--- Data shown ---
=-=-=-=-=
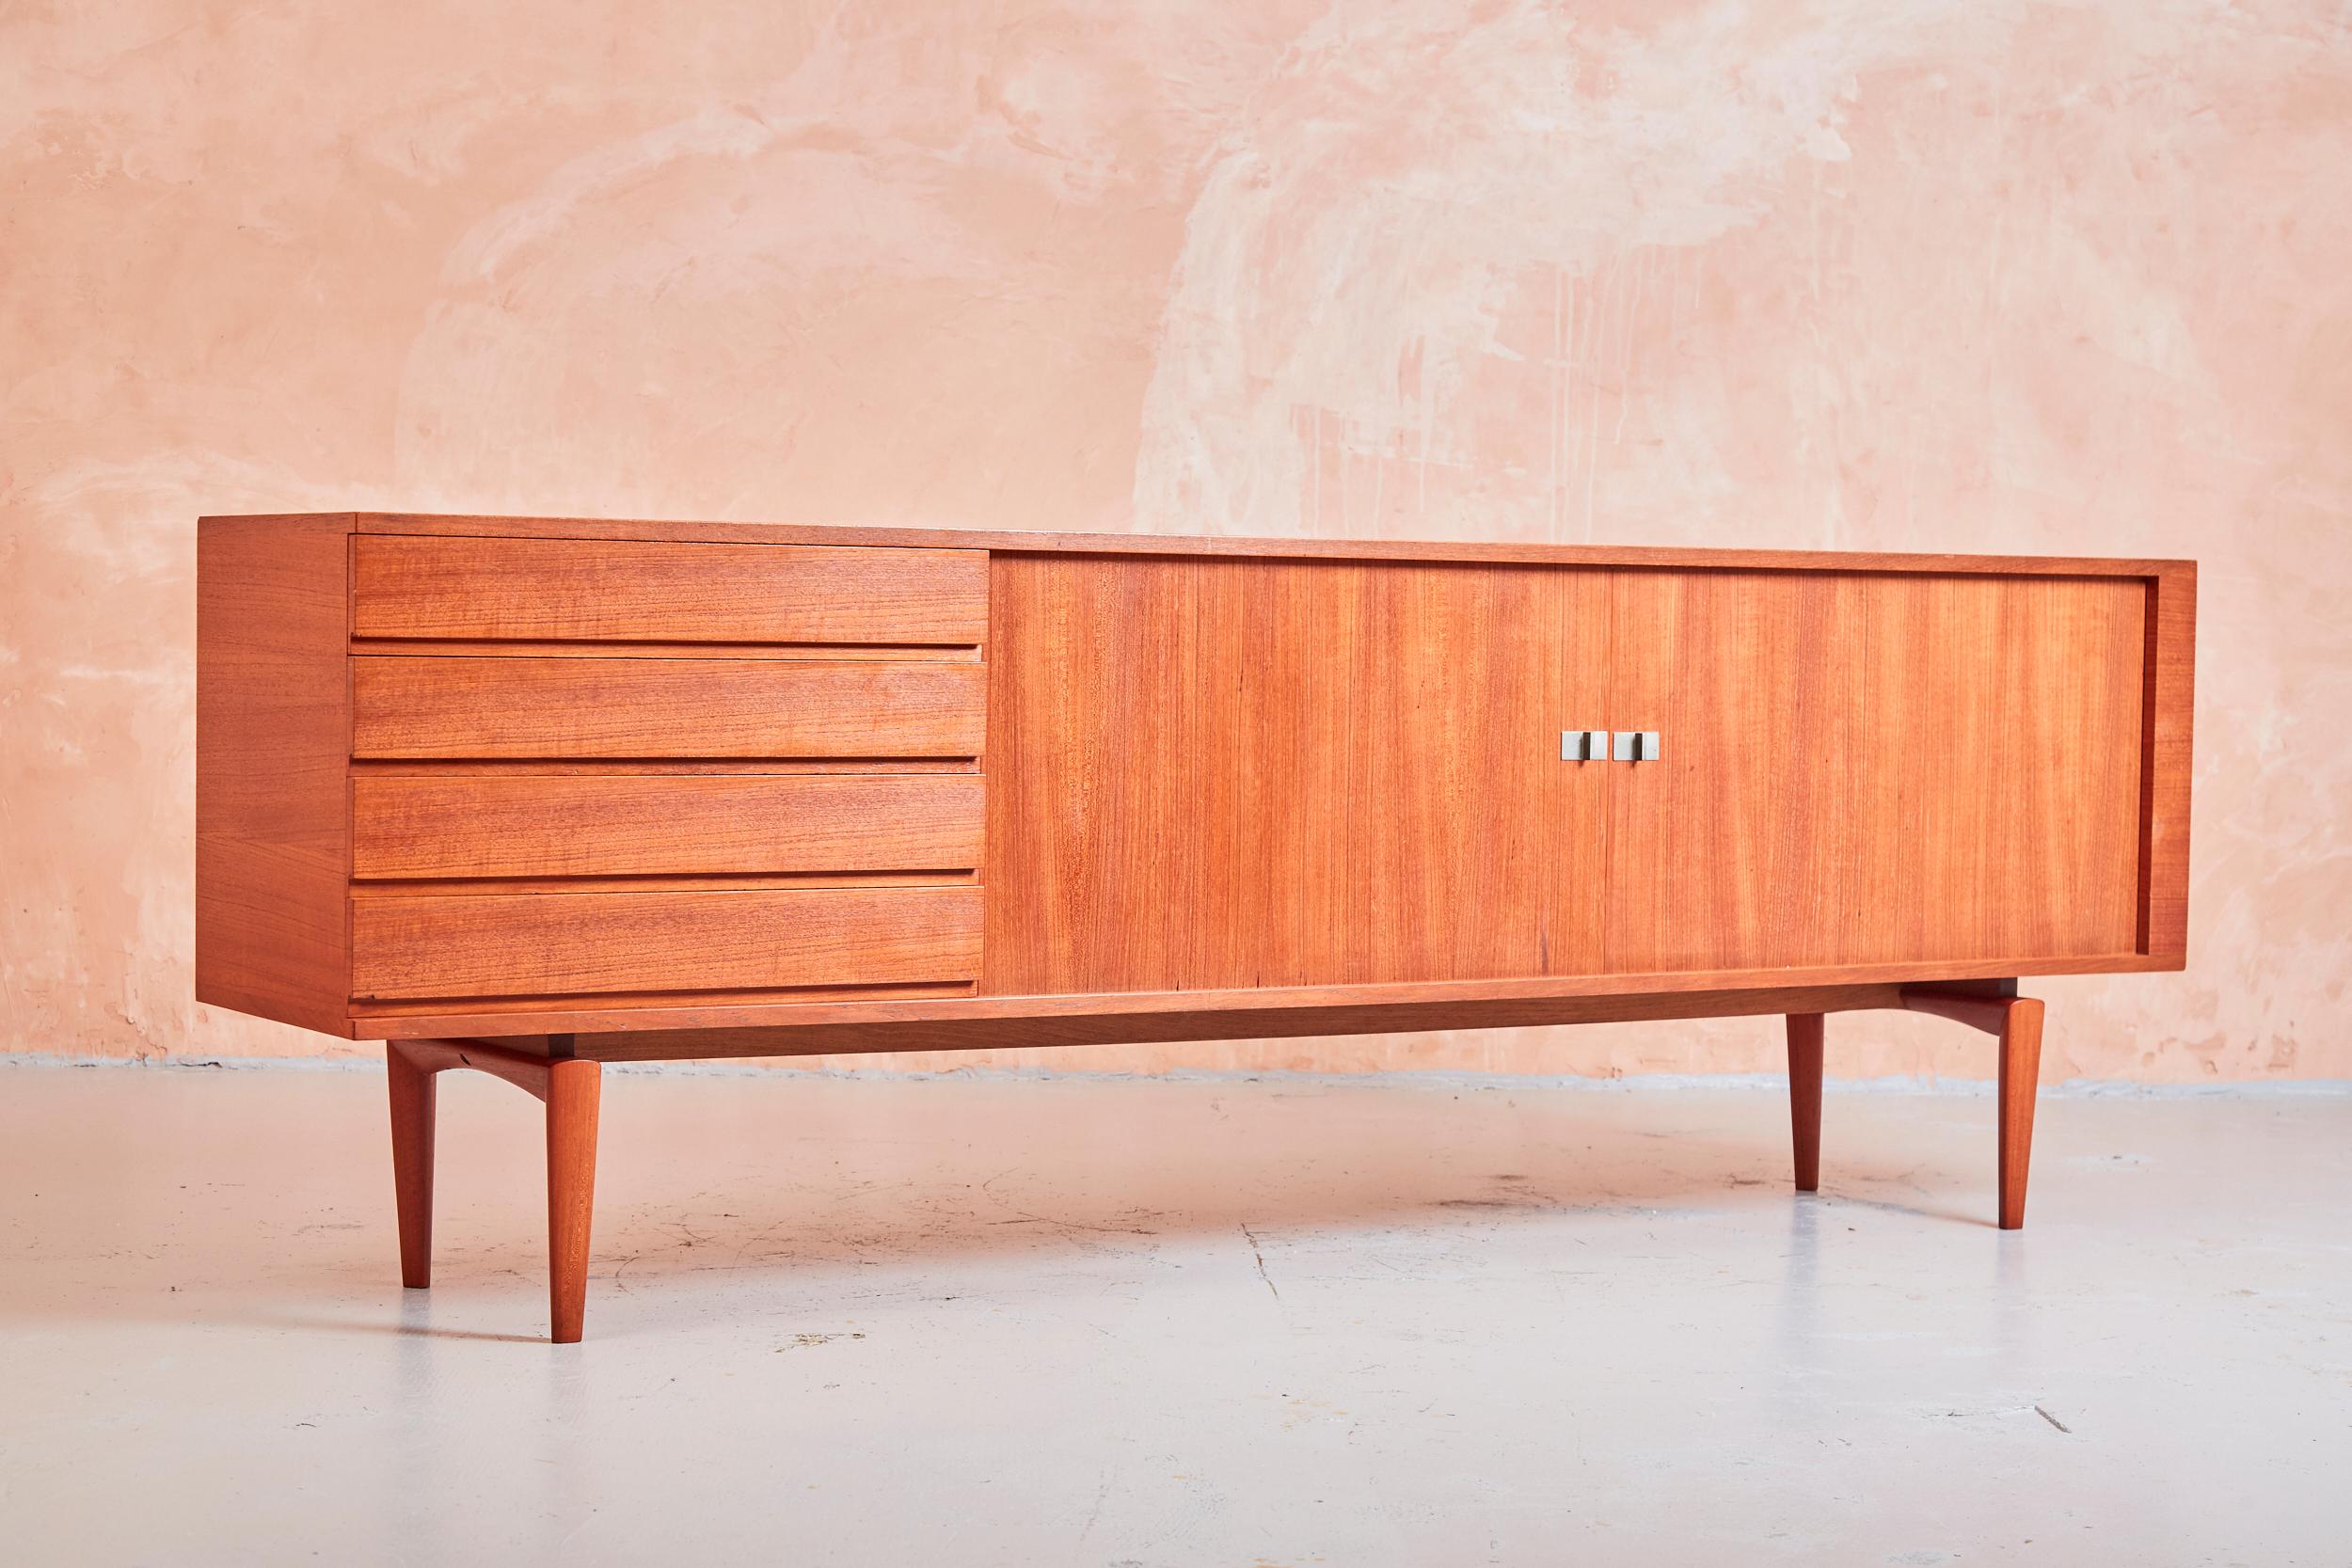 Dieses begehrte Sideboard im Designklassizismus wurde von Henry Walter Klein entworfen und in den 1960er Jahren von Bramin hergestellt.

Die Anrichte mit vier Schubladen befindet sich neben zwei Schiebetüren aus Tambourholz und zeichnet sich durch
=-=-=-=-=
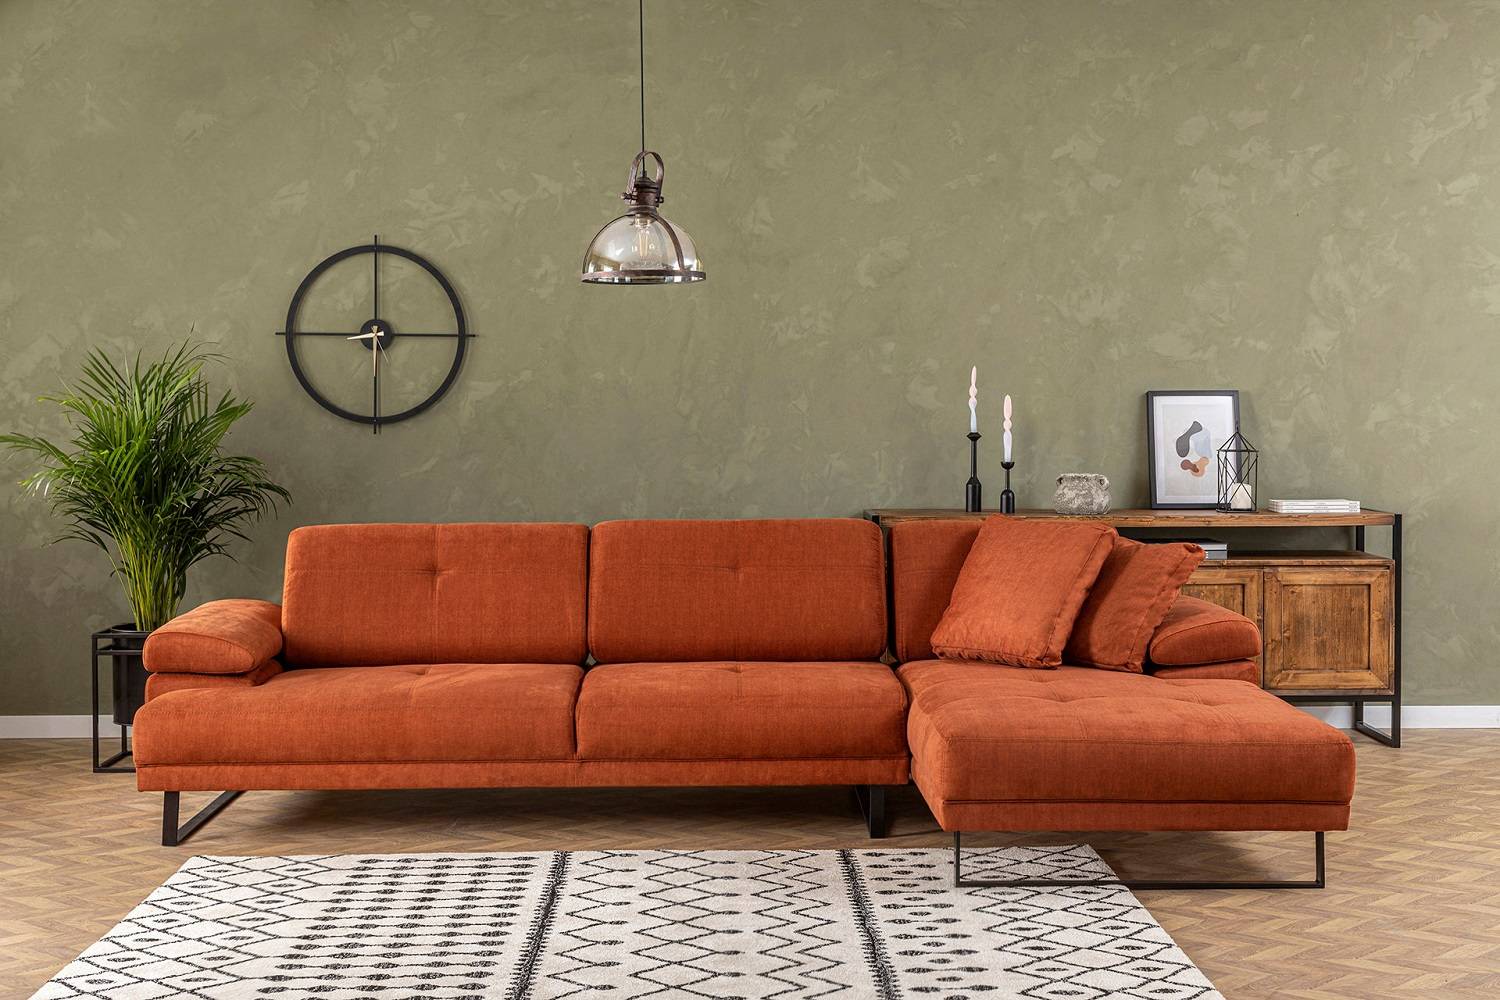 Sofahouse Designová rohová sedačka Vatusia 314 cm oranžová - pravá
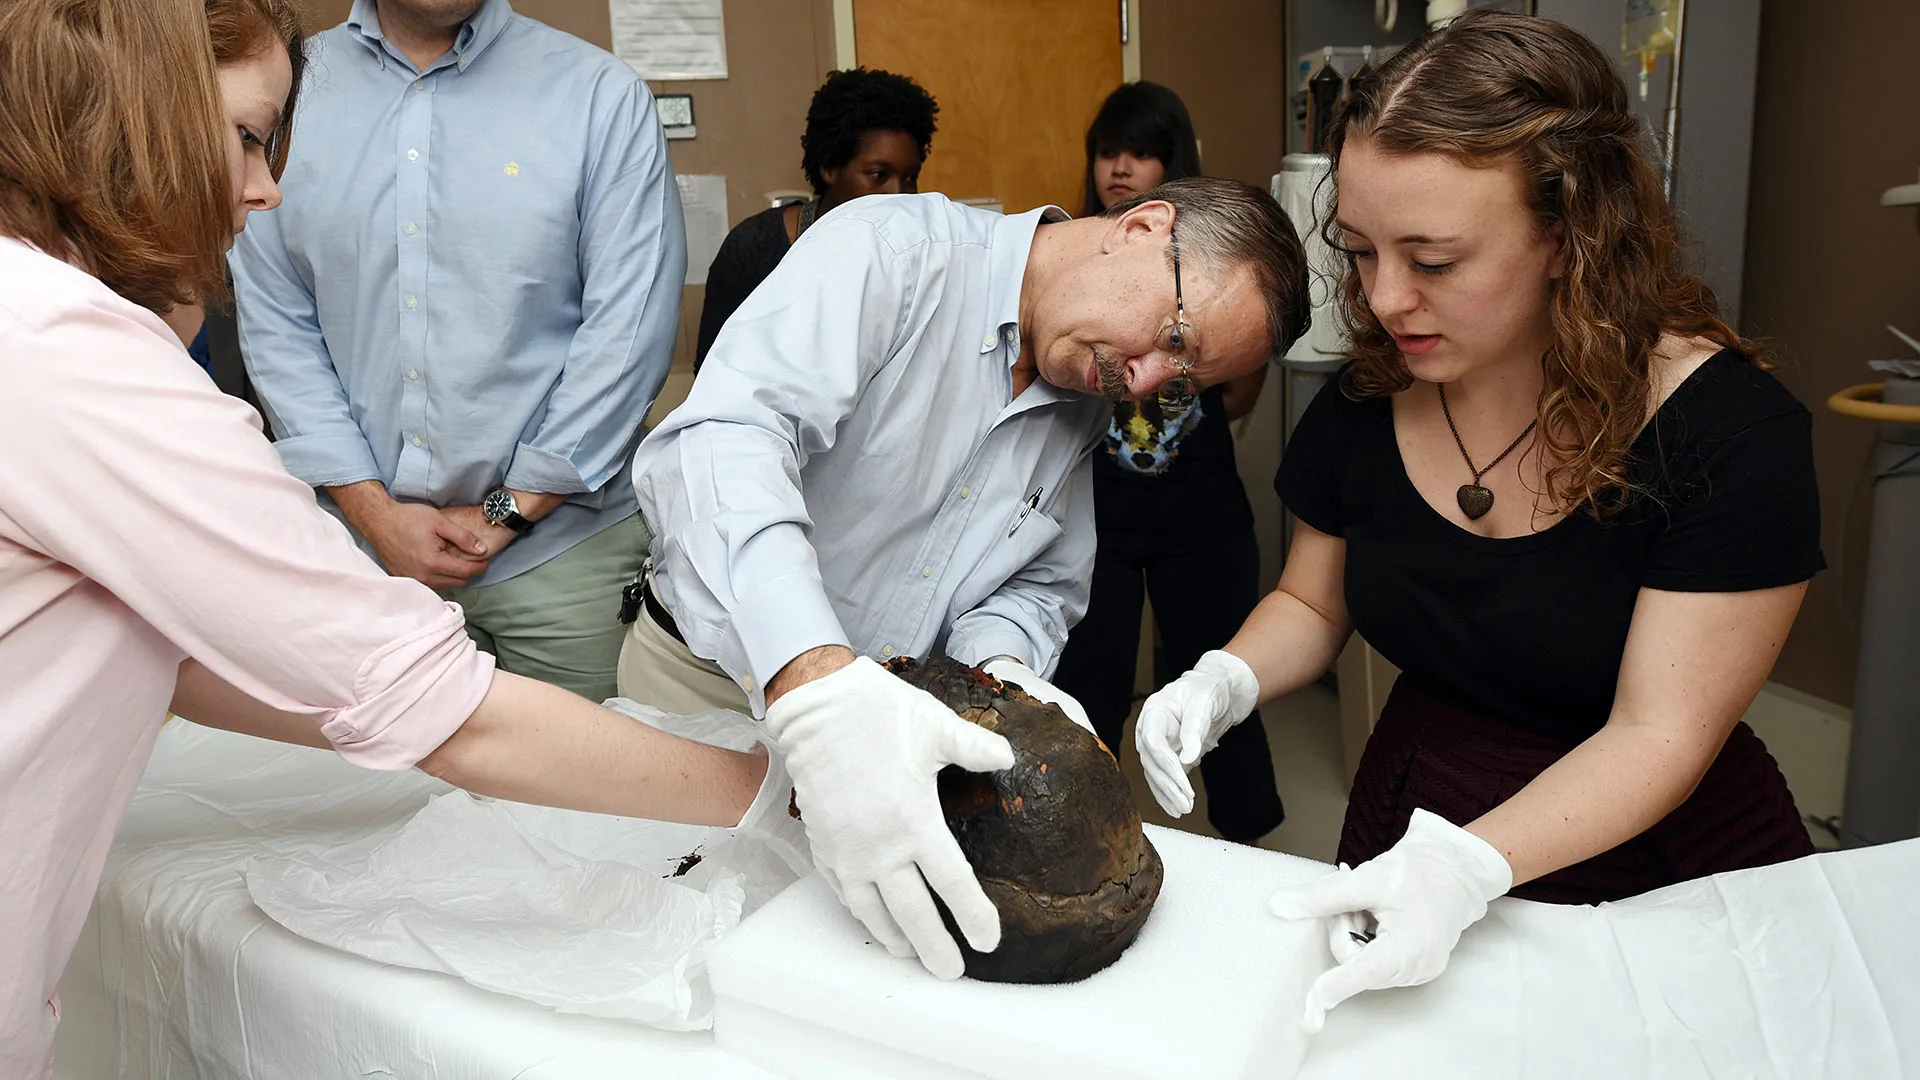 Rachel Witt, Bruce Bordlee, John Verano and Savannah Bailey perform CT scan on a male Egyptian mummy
=-=-=-=-=
--- Required action ---
Print, word for word, the lines above that run from the line containing "Sofahouse Designová rohová" to the line containing "Rachel Witt, Bruce", both included. Keep the pictures out.

--- Expected answer ---
 Sofahouse Designová rohová sedačka Vatusia 314 cm oranžová - pravá
 Rachel Witt, Bruce Bordlee, John Verano and Savannah Bailey perform CT scan on a male Egyptian mummy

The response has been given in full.